Solution: Implemented a multi-layered approach: retrieval similarity thresholds reject low-quality matches before they reach the LLM; the system prompt explicitly instructs the model to say "I don't have enough information" rather than guessing; confidence scoring compares the response against source material; and the 3-tier workflow ensures a human always reviews before anything reaches a customer.

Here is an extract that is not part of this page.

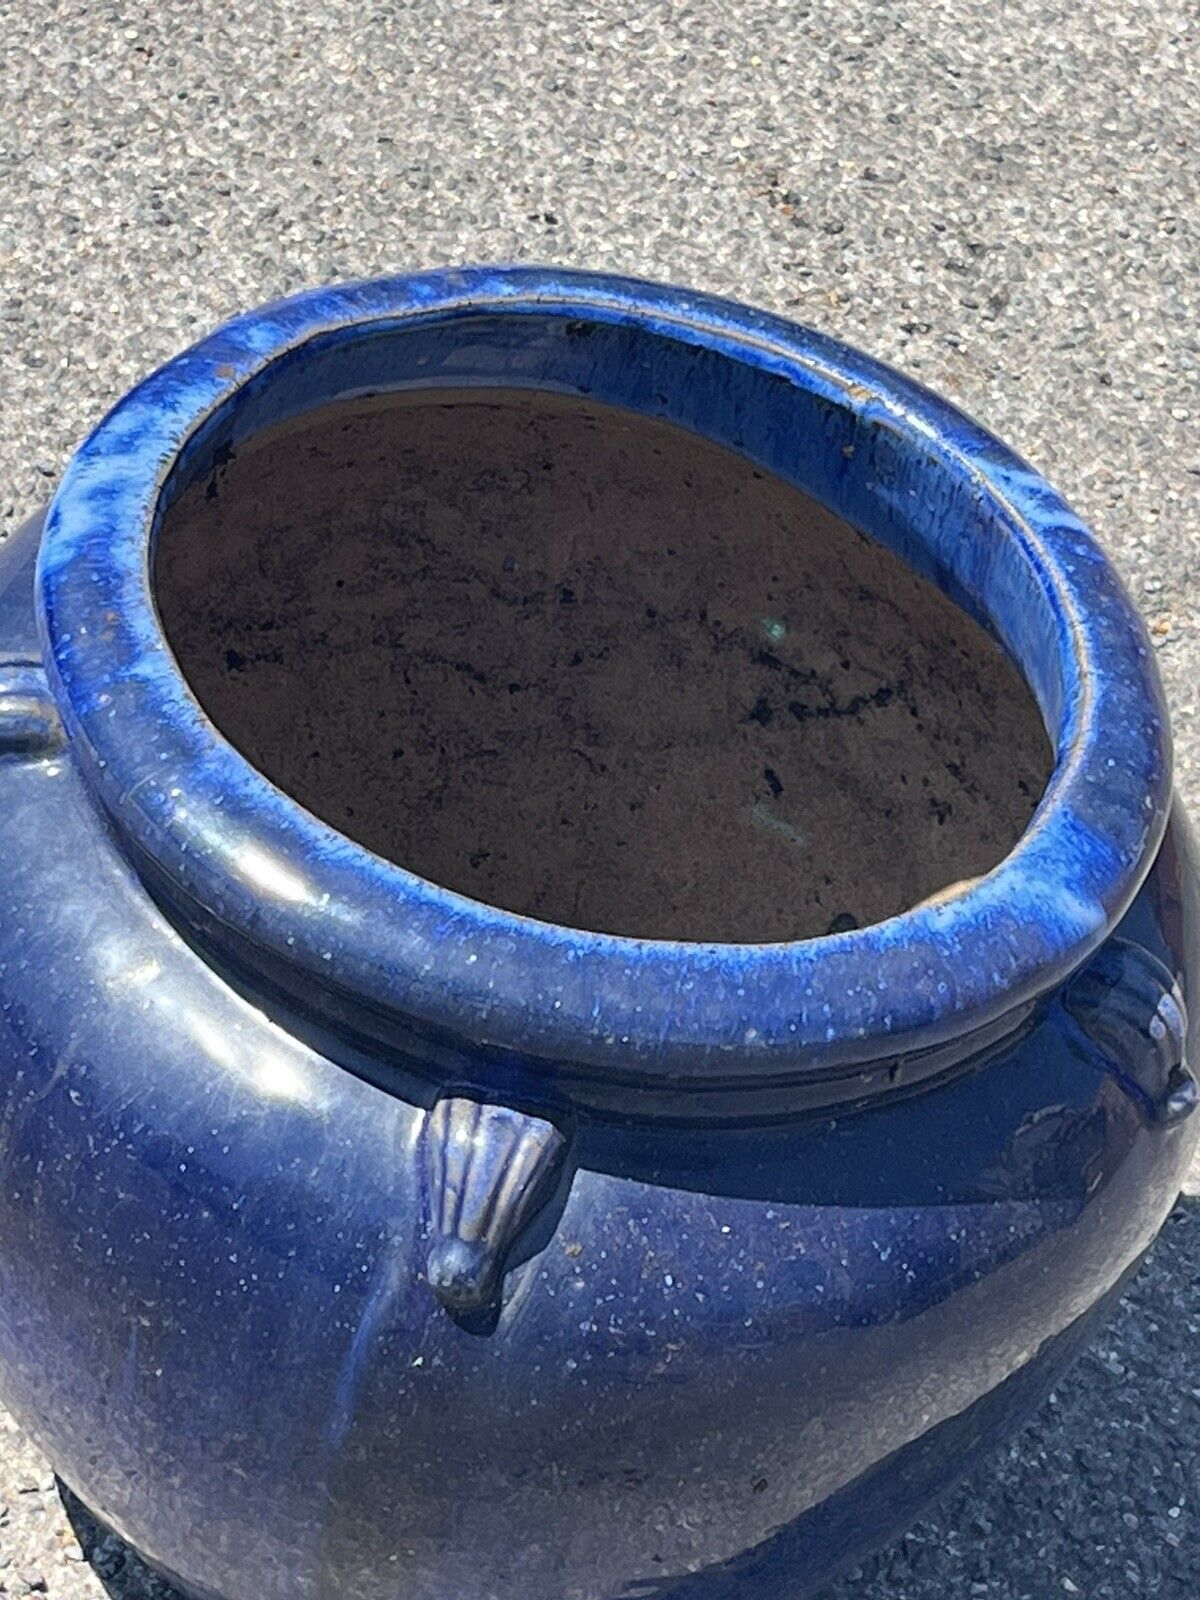 Large Blue Ceramic Plant Pot. Very Good Quality.

Challenge: Multiple organisations use the same platform, each with their own knowledge base, users, and AI configuration. Tenant A must never see Tenant B's data — even in error states, edge cases, or misconfigured queries.
Solution: Tenant isolation is enforced at every layer: API routes include tenant context from authentication tokens; database queries are scoped by tenant ID at the ORM level; vector store collections are namespaced per tenant; and file storage uses tenant-prefixed paths. No query path exists that doesn't include a tenant filter.
Challenge: Running AI locally via Ollama is cost-effective and private, but smaller local models produce lower-quality responses than cloud APIs. The system needed to work well with both, without requiring different UIs or workflows.
Solution: Abstracted the AI layer behind a unified interface — the same prompt engineering, retrieval pipeline, and post-processing works regardless of the underlying model. The system automatically adapts prompt length and complexity based on the model's context window. Organisations can start with local Ollama and upgrade to Azure OpenAI without changing anything else.